Preventing and Treating Heart Disease from NY's Top Doc

New York Daily News

SIGNS AND SYMPTOMS:

Atherosclerosis builds up gradually over time, and patients show a variety of symptoms. “Some patients are asymptomatic,” says Sharma, “But usually it presents as pressure or heaviness in the chest, sometimes moving to the left arm.”
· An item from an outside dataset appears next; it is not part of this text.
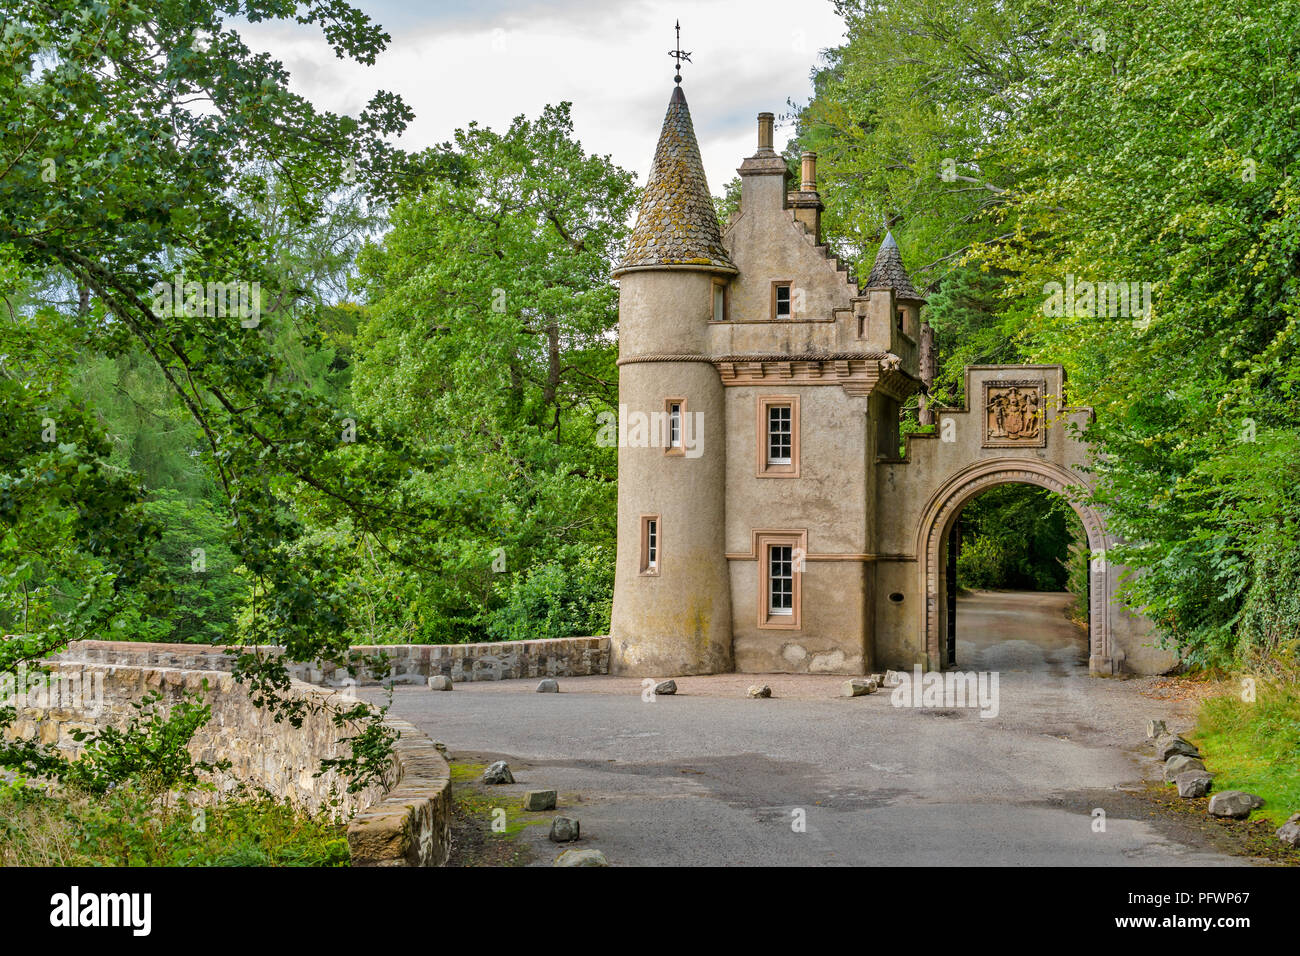 OLD BRIDGE OVER RIVER AVON SPEYSIDE SCOTLAND VIEW OF THE BARONIAL GATEHOUSE LEADING TO BALLINDALLOCH CASTLE Stock Photo

Other symptoms include shortness of breath and difficulty breathing, dizziness, fatigue, and weakness.

Patients with more severe cases may feel chest pain when they walk, but when they sit down it goes away. “If the chest pain continues for 20-30 minutes, that’s usually a heart attack,” says Sharma, “Combined with shortness of breath, sweating, and sometimes vomiting, that’s a heart attack.”

Doctors are increasingly using CT angiogram, a noninvasive imaging technology, to examine patient’s blood vessels and make a diagnosis.

TRADITIONAL TREATMENT:

In some cases, diet and exercise can be enough to prevent atherosclerosis or stop it from progressing. If lifestyle changes aren’t enough, the first step is medication. “Everybody gets aspirin,” says Sharma, “Then there is cholesterol-lowering medicine, called statins, and beta-blockers that slow down the heart, so there’s less pressure on it. Calcium blockers dilate the arteries, and nitrates can open up the arteries.”

For patients whose arteries are more severely blocked, the next step is intervention. “Angioplasty gives symptom relief,” says Sharma. It opens the clogged heart arteries by inserting a tiny balloon into the vessel; the balloon is inflated for several minutes, stretching out the artery.

Usually, the doctor then places a small metal coil in the artery to prop it open. These coils, called stents, can be bare metal or coated with a medication that works to keep the artery from clogging again.

Angioplasty isn’t open surgery—it’s a minimally invasive procedure in which the doctor makes a small incision in your leg or arm, and then uses catheters to move a tiny balloon through the body to the heart.

“We use dye to see where exactly the blockage is and how long it is,” says Sharma, “We can open all the blockages very quickly, sometimes in 15 minutes.”